No nacemos persona, nos hacemos y nos hacen persona: la realidad,


las circunstancias y los diversos amores y desamores que tejen nuestra vida. La
conciencia ignaciana se sitúa en el corazón de esa batalla por una existencia plenamente
humana y feliz, en donde nadie ni nada quede arbitraria o egoístamente excluido. La
espiritualidad ignaciana en sus manifestaciones más logradas –apostólicas y educativas-
nos conduce al reconocimiento de una identidad propia de gran riqueza y actualidad, que
si no sonara pretenciosamente llamaría, sin más, “el evangelio de la persona”. A mi
entender, ese evangelio ignaciano tiene varios componentes específicos, que son otros
tantos desafíos pastorales y educativos –que en una segunda parte de mi ponencia, más
práctica, quisiera ahora desarrollar-.
(Espiritualidad, componente de la identidad ignaciana)

II El Evangelio de la Persona: rasgos de la identidad ignaciana y su incidencia en la


formación universitaria que impartimos.

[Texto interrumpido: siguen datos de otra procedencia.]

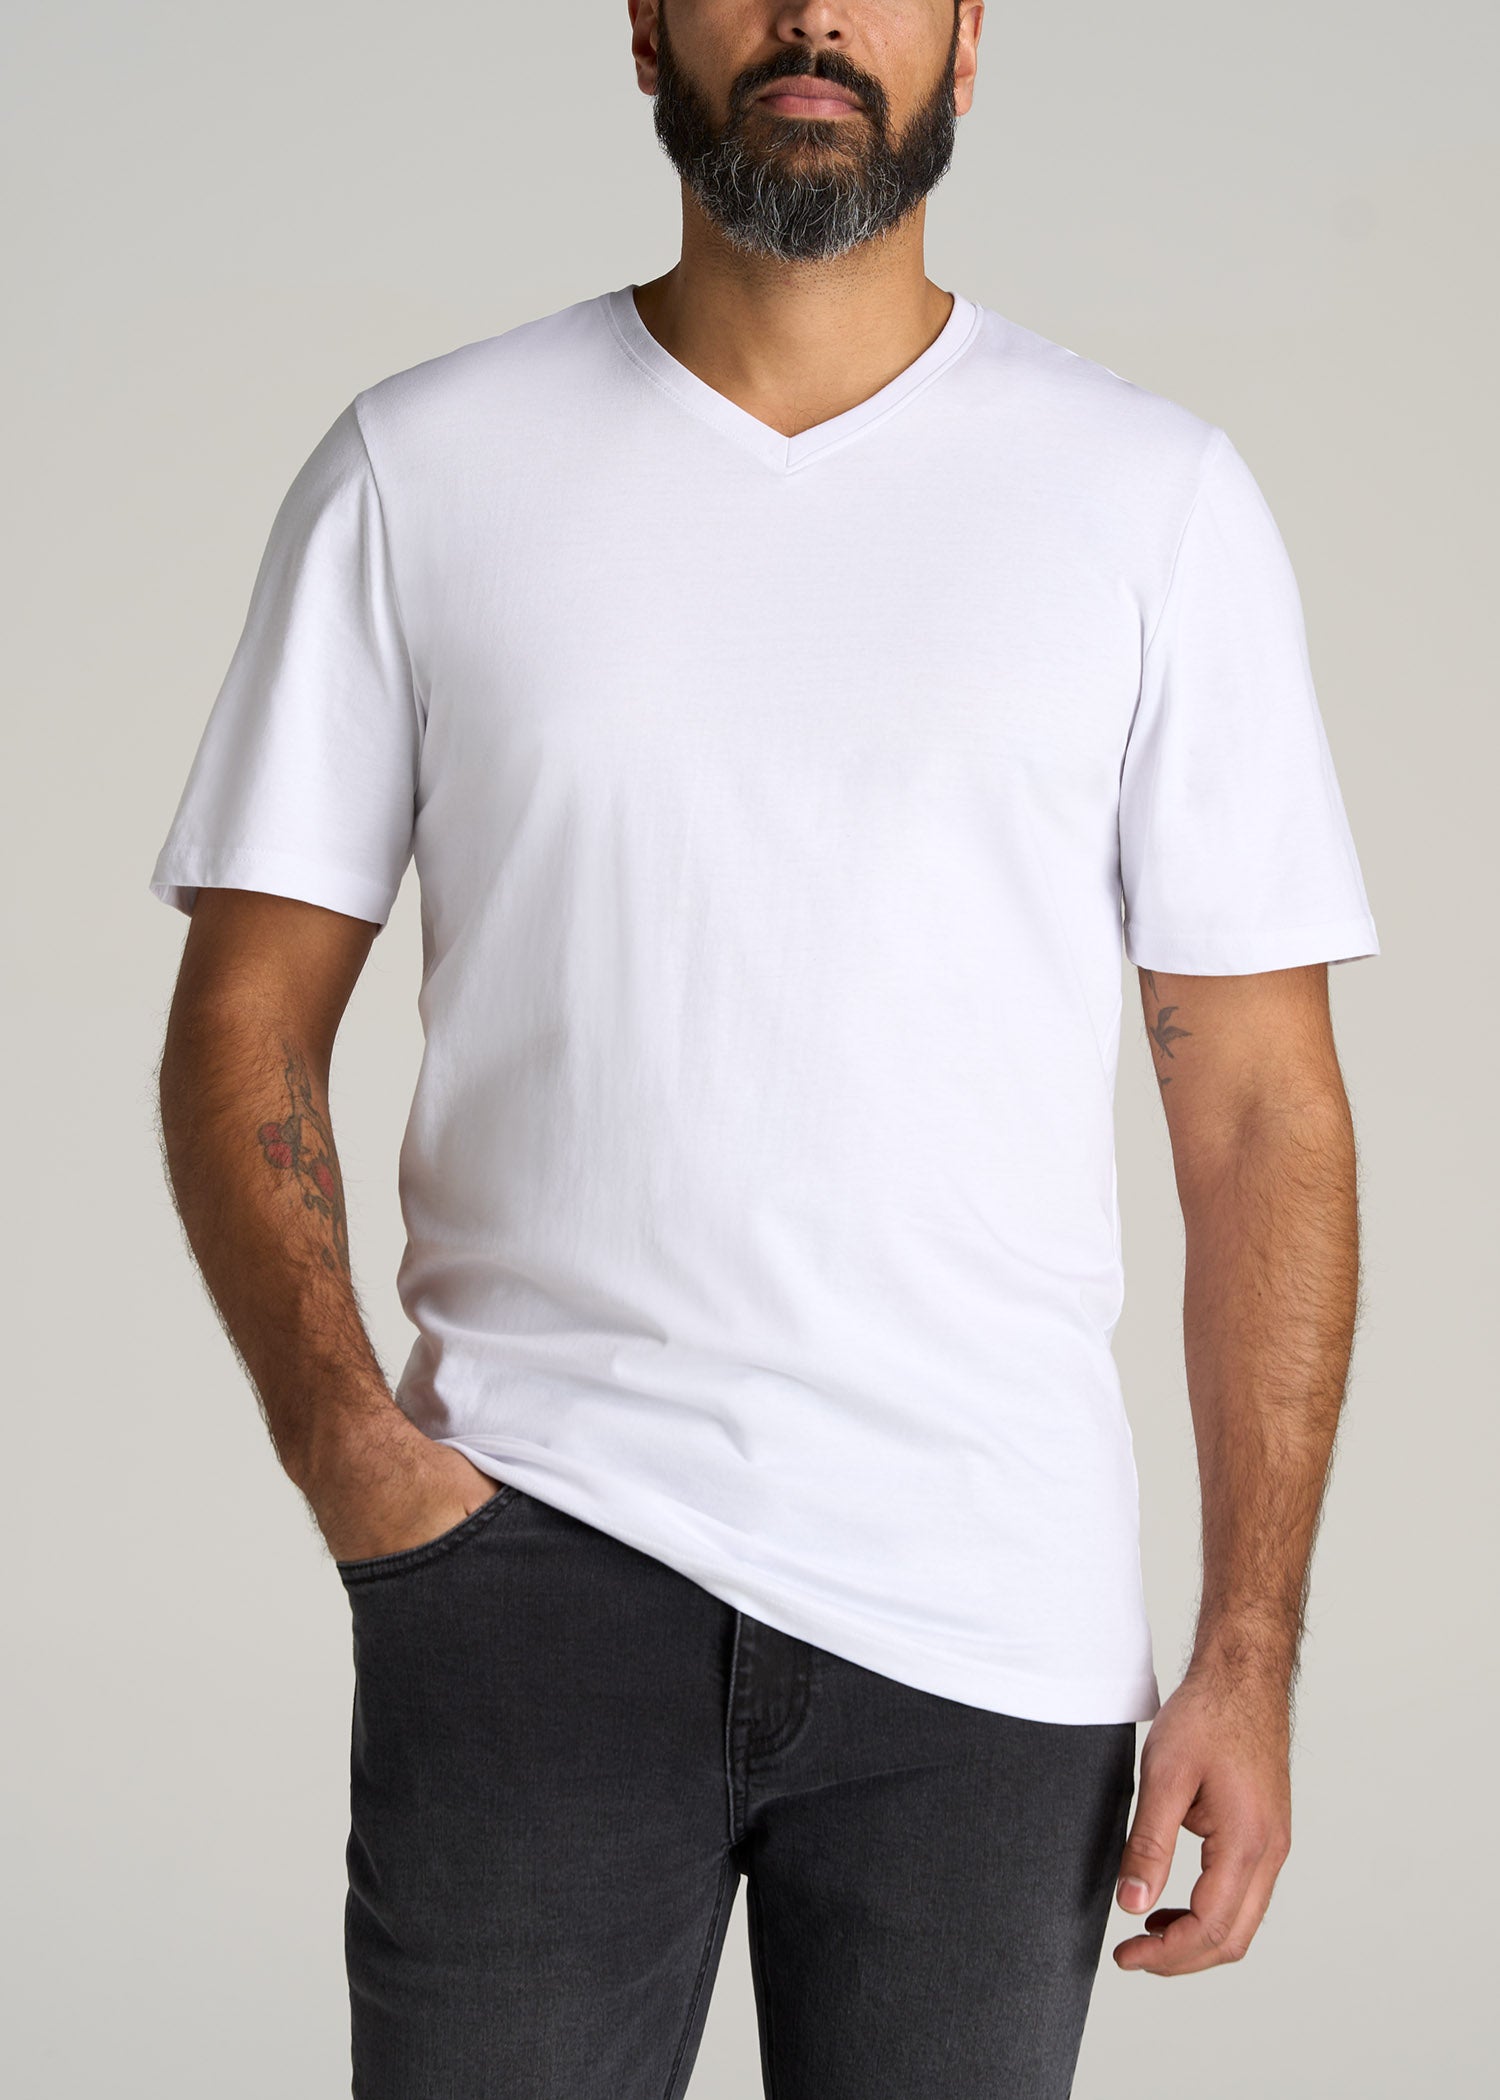 Classic-fit Shirts for Men, Shirts

Deseos y realidades. Material para evaluaciones
e intercambios.

1. Identidad responsable, espiritualidad comprometida


“No hay un sistema de Educación neutro, puramente aséptico, sin
esa imagen de fondo, que últimamente es una filosofía o una teología del hombre y del
mundo. Y es precisamente esta imagen la que hace valer o no un sistema educativo, por
encima de los métodos, programas, medios..., importantísimos, ciertamente, pero al fin
subordinados a esa imagen. Ahora bien, ¿qué imagen es esa que concurrimos a formar?”
(Pedro Arrupe, 22-1-1978). La nuestra y la de los que nos son confiados.

2. Identidad inclusiva, espiritualidad incluyente (Fe-Justicia & Fe-Culturas)


“No basta denunciar la pobreza, la injusticia, o el deterioro del
medio ambiente. Es necesario hacerlo universitariamente, con sabiduría espiritual, y con
el cultivo existente de los saberes necesarios para construir nuevas realidades más justas
y más humanas. Tenemos que ordenar los medios a sus fines correspondientes. Por eso
hoy más que nunca necesitamos una Universidad que, en la formación de los jóvenes, en
sus investigaciones, y en su voz en la sociedad, se distinga por su conexión con las
necesidades de los pobres y sus aspiraciones legítimas, al mismo tiempo que hace de
puente con el mundo empresarial y con la gestión pública, para que puedan construir una
sociedad inclusiva con oportunidades de vida digna para todos” (Mensaje del P. General
por el 60° aniversario de la Universidad Iberoamericana, 7 Marzo 2003, Ciudad de
México). ¿Qué priorizamos? ¿Qué no excluimos?.

3. Identidad plural, espiritualidad común


“La misión de la Universidad, sobre todo en países en vías de
desarrollo, es gigantesca: preparar los profesionales que puedan transformar la sociedad
en que vivimos, logrando su desarrollo integral; analizar los grandes problemas del país
en investigaciones de gran calidad científica, y ofrecer las mejores soluciones a dichos
problemas; ayudar eficazmente a transformar los valores sociales partiendo de una
verdadera concepción del hombre y del mundo. Por eso se necesitan equipos integrados
de laicos y jesuitas, con ideas claras sobre la sublime misión de la Universidad, y con un
profundo compromiso universitario y cristiano. Catedráticos, administradores, directivos,
todos deben compartir la ilusión de esta misión” (Luis Achaerandio Zuazo sj.,
Características de la Universidad inspirada por el carisma propio de la Compañía de
Jesús, Universidad Rafael Landívar, 1994). ¿Ilusionamos?

4. Identidad “objetiva”, espiritualidad de metas


“Nunca sopla buen viento para quien no sabe a dónde va”, refrán
marinero.
La oración ignaciana: “pedir lo que quiero”. La aportación jesuita:
principios “Ad Amorem”. ¿Qué pasos? ¿Para qué proyectos?